Directions for this task >> Pictures stay out of the copy. Retype exactly the lines below from the one with "Desi Central Comedy Show – Solihull" through the one with "Abstract Black Grunge".

Available records >>
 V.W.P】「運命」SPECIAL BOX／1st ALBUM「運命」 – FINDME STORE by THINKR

==

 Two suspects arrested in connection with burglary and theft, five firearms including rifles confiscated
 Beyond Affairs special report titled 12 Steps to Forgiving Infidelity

==

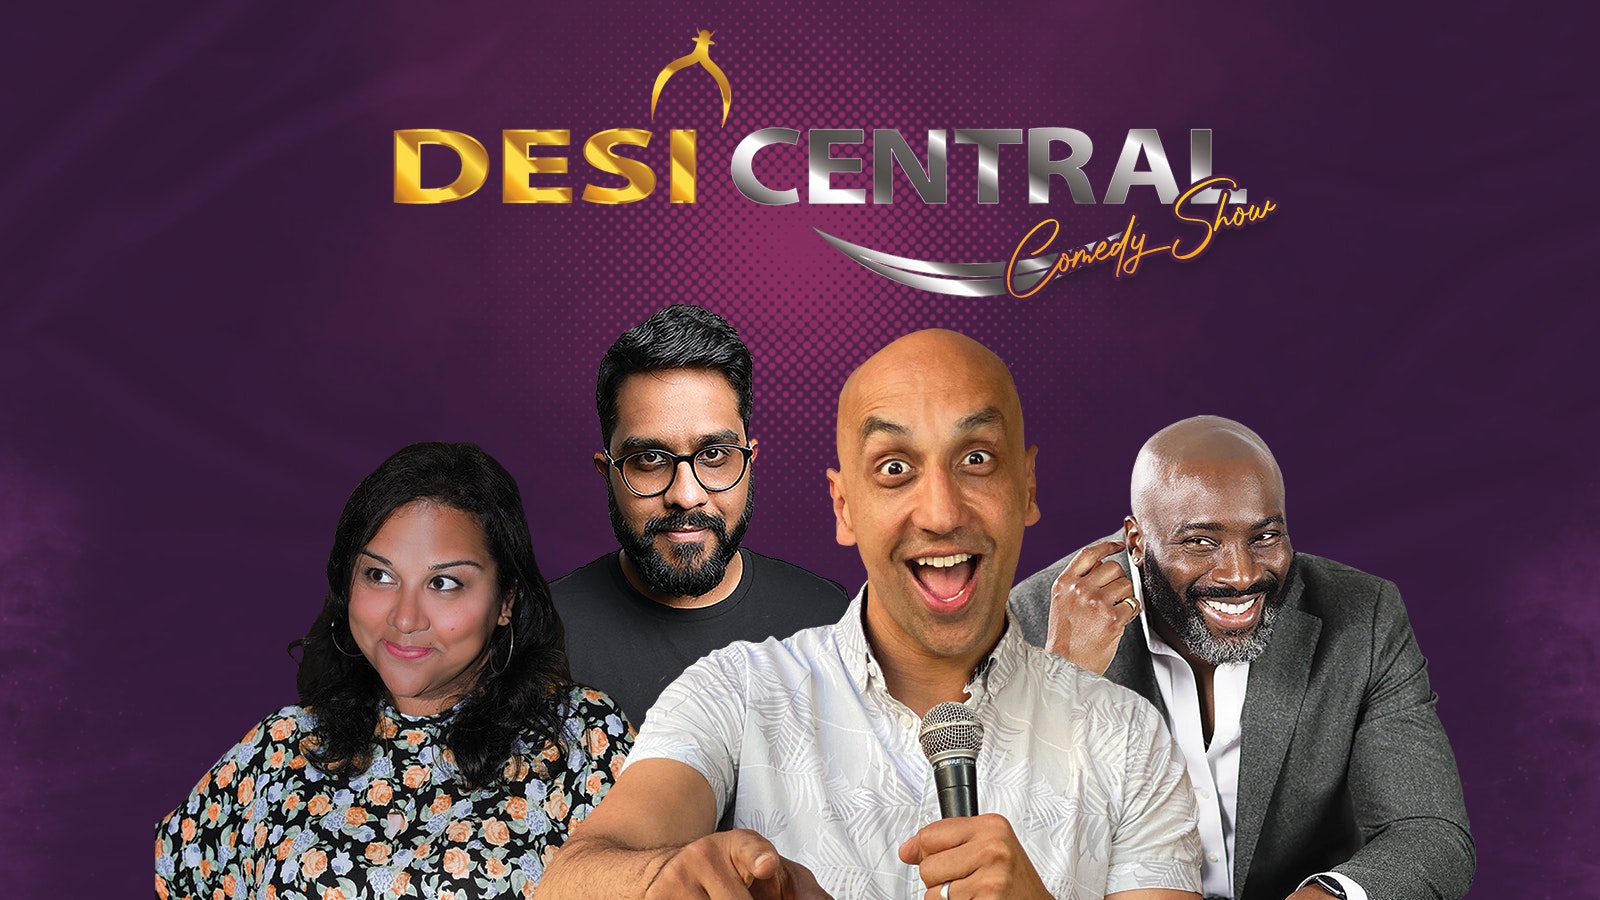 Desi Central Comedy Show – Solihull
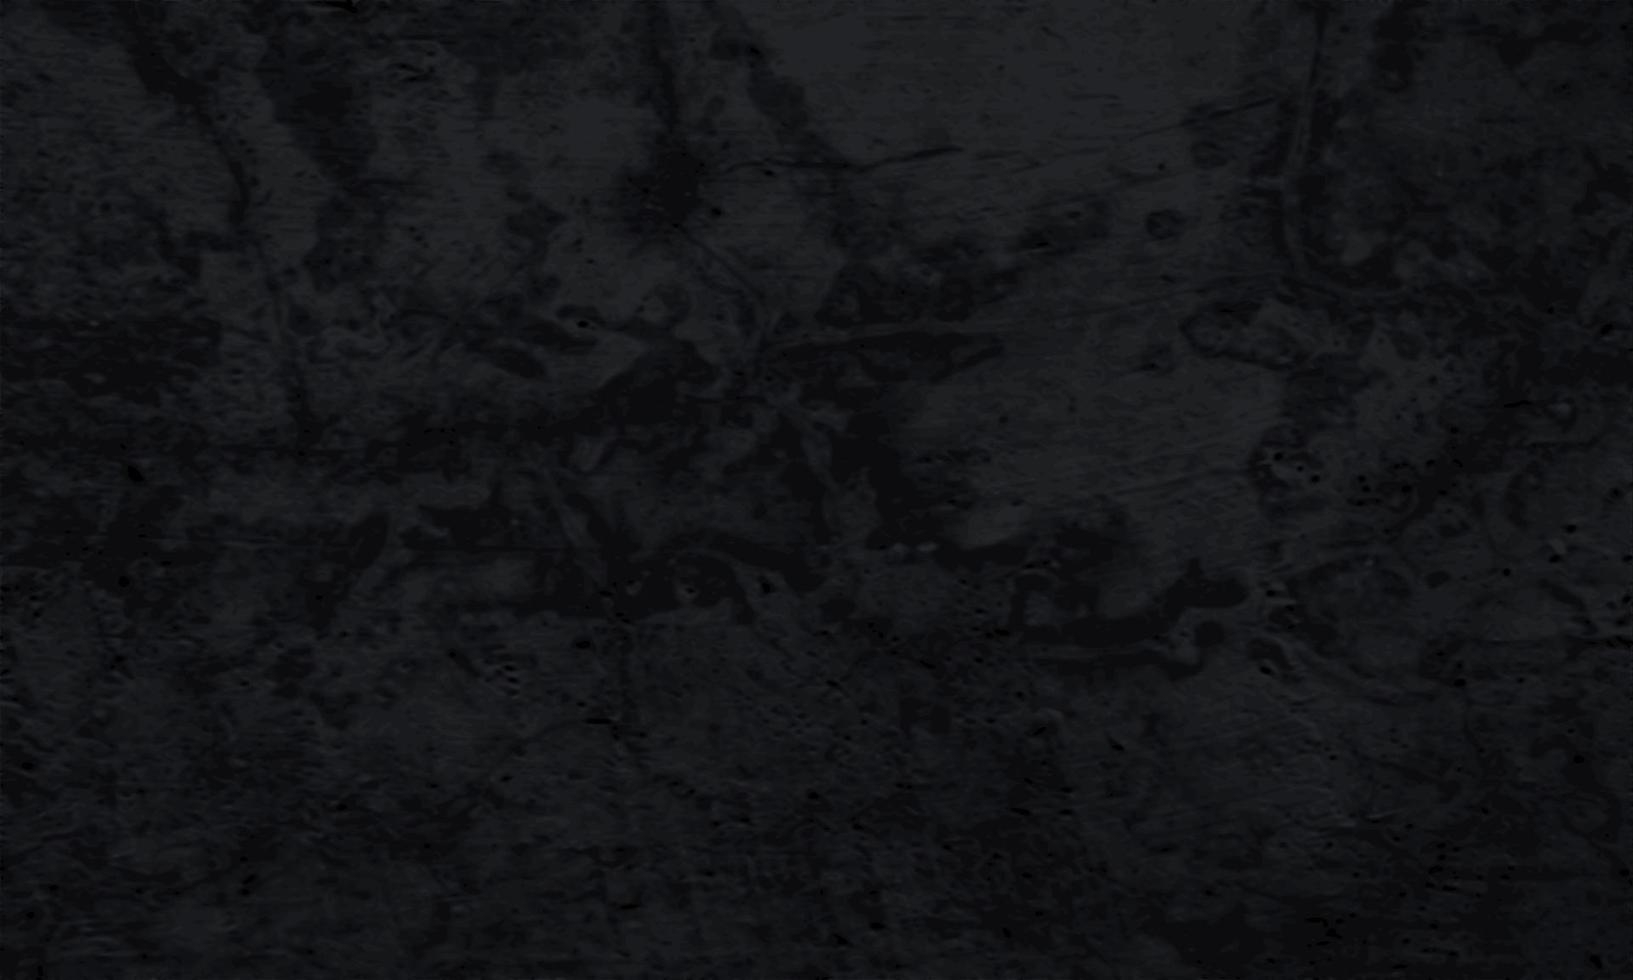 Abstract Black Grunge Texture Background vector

Answer to this exercise >>
 Desi Central Comedy Show – Solihull
 Abstract Black Grunge Texture Background vector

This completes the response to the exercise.